▶ **To do**
Span requested from the data below: the line with "FIFA WC Czech Republic V Germany Live" through the line with "Cotton_Creek_Barn_Winter_Wedding_WeddingPhotographer054.jpg", both included. Give only these lines again, exactly, and leave every picture out.

▶ **Data supplied**
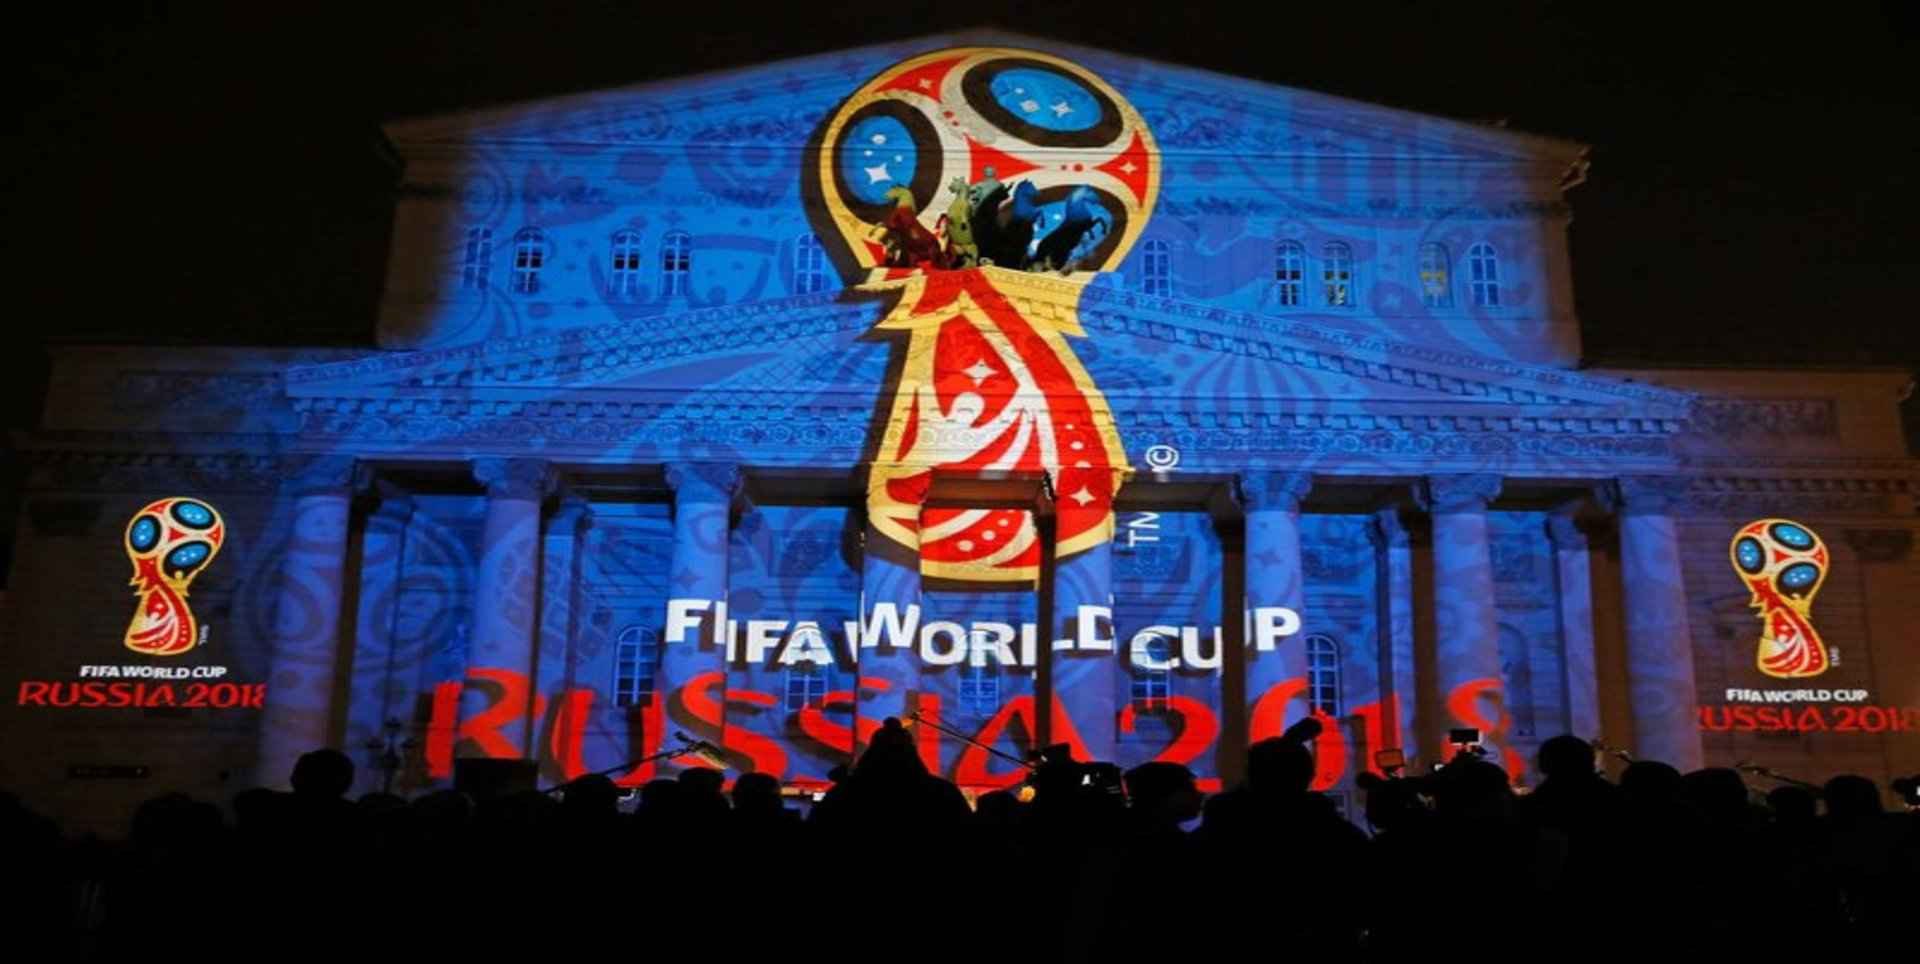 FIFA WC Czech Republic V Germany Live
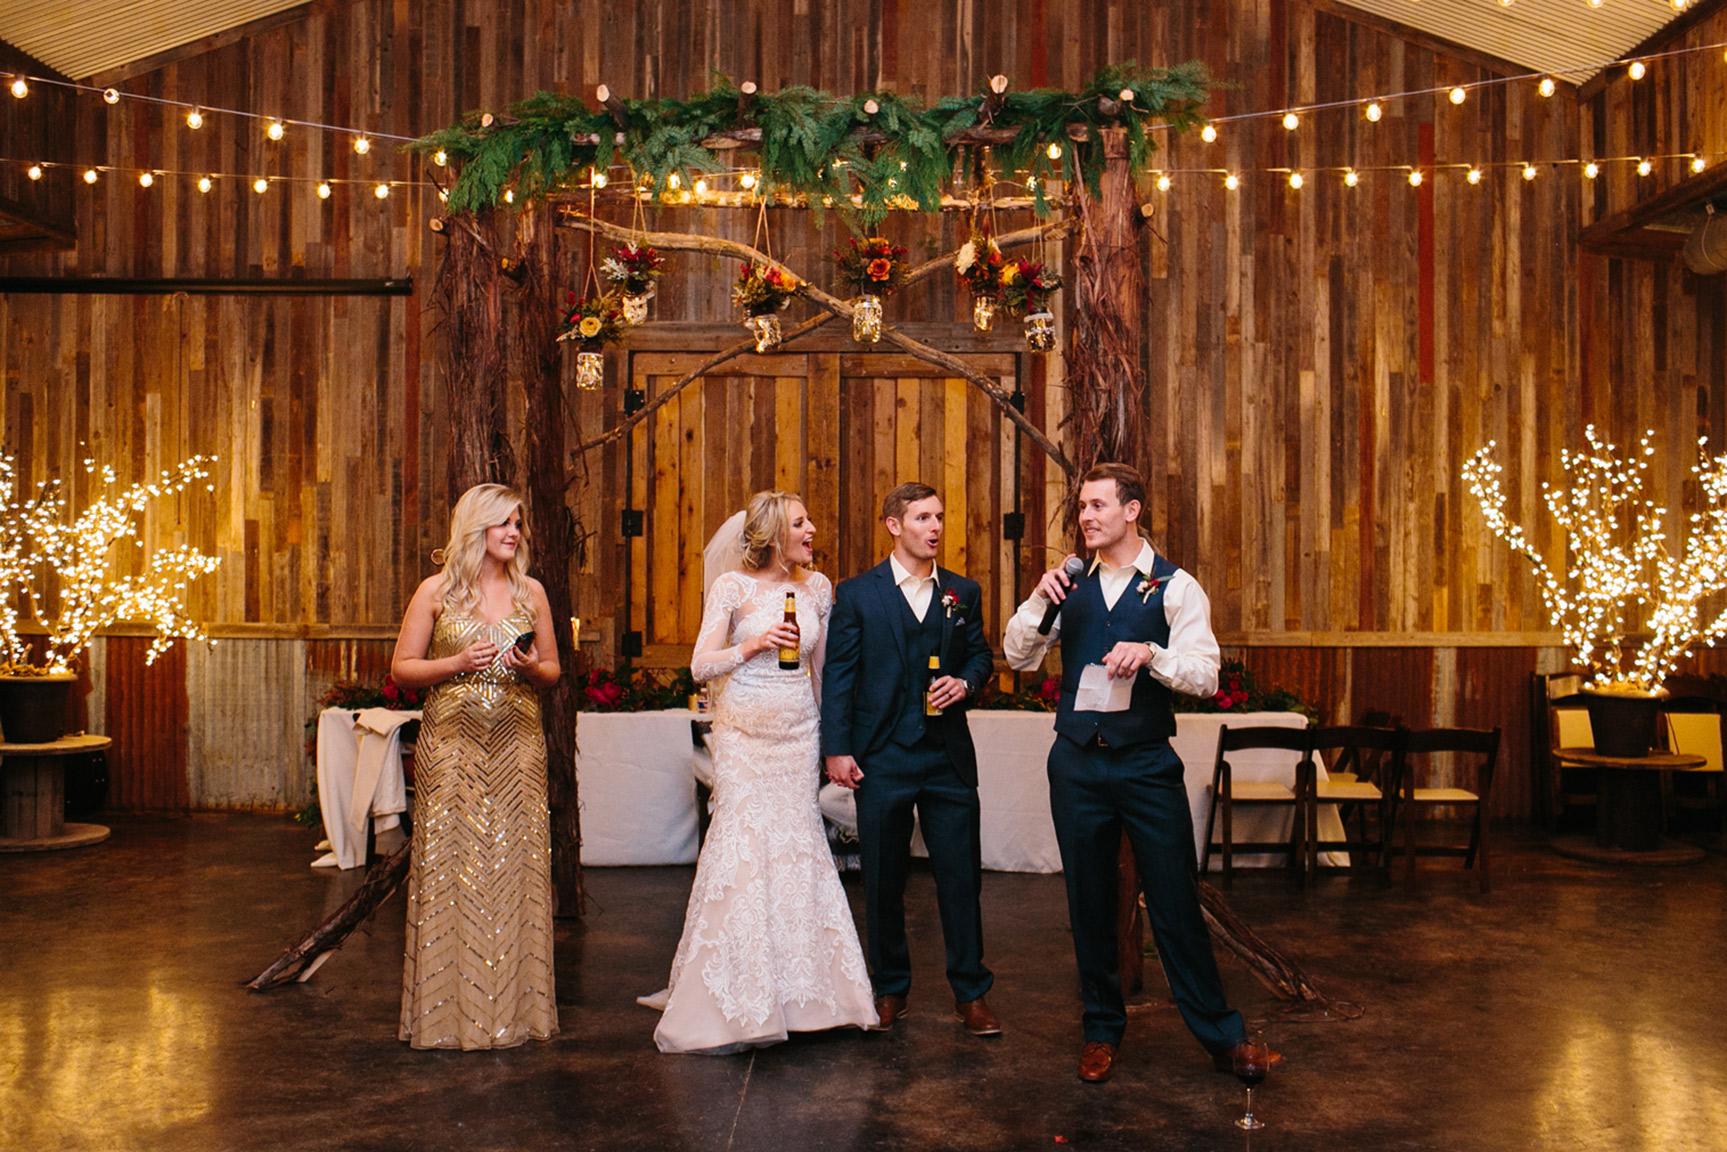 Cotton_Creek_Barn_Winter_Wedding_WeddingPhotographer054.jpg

* * *

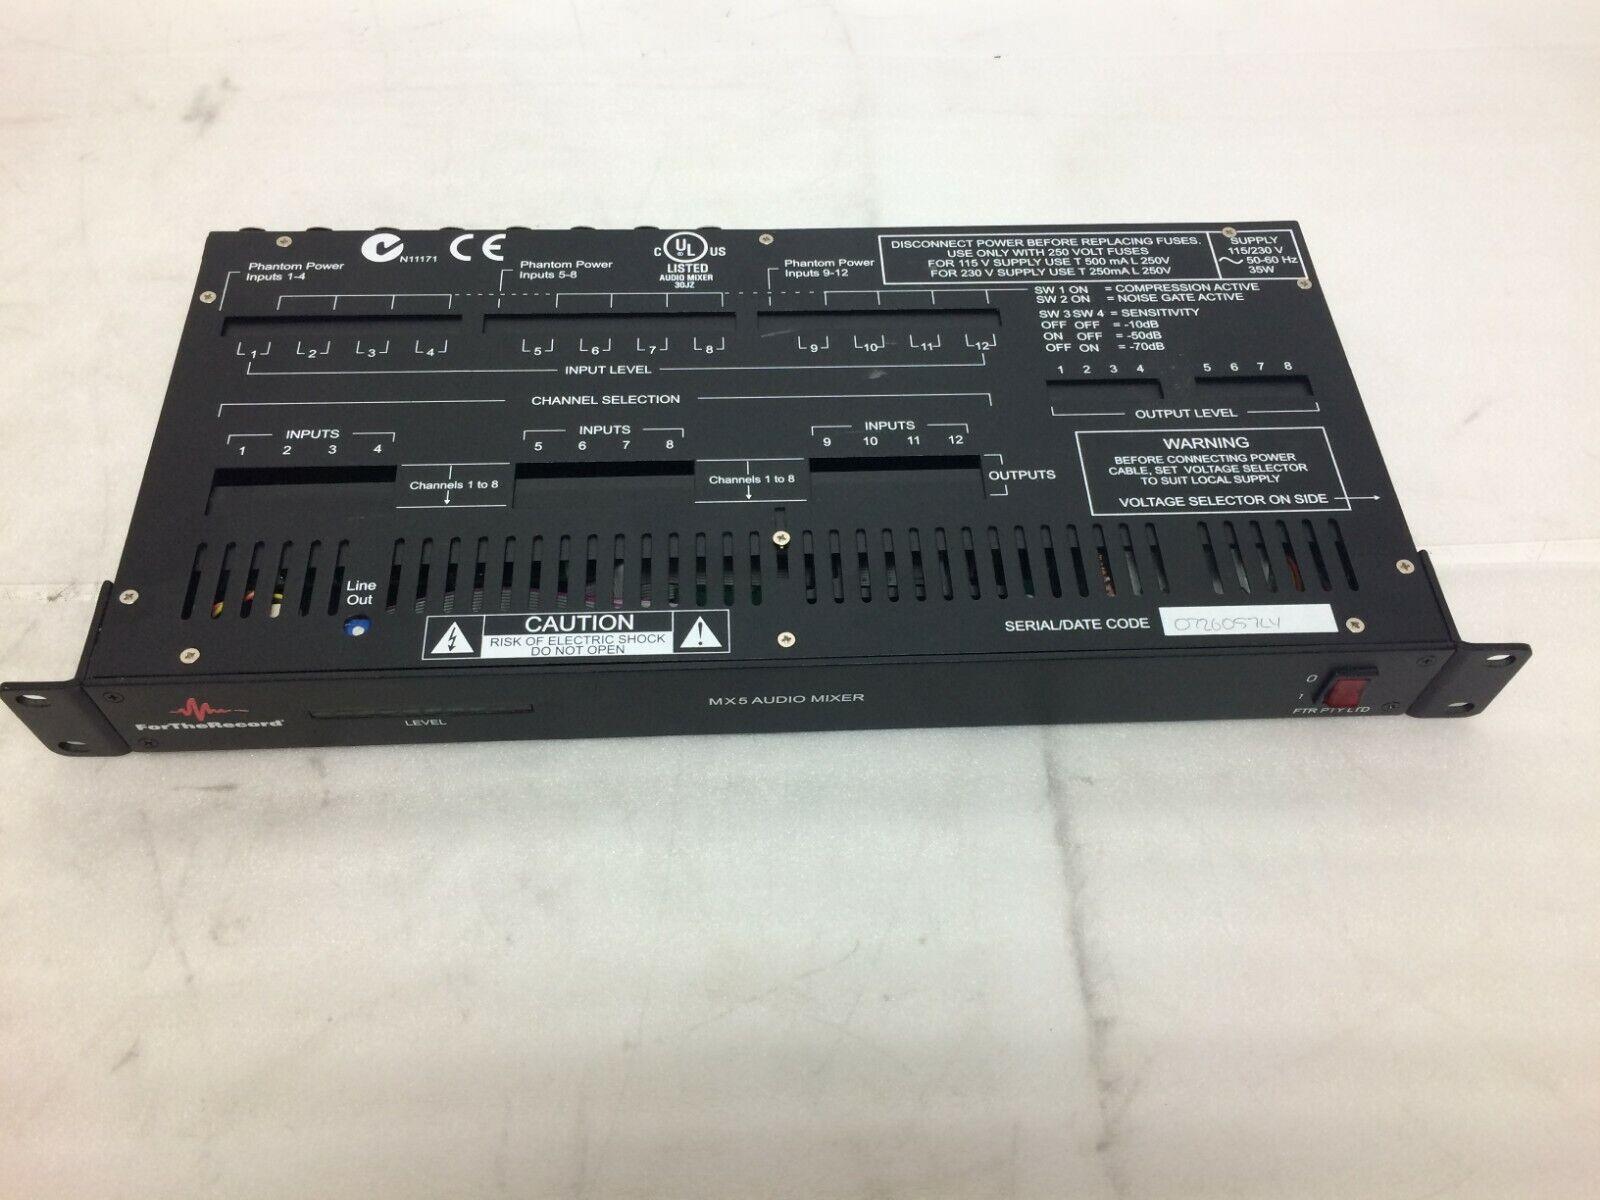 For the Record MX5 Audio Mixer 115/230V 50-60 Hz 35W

▶ **Result**
 FIFA WC Czech Republic V Germany Live
 Cotton_Creek_Barn_Winter_Wedding_WeddingPhotographer054.jpg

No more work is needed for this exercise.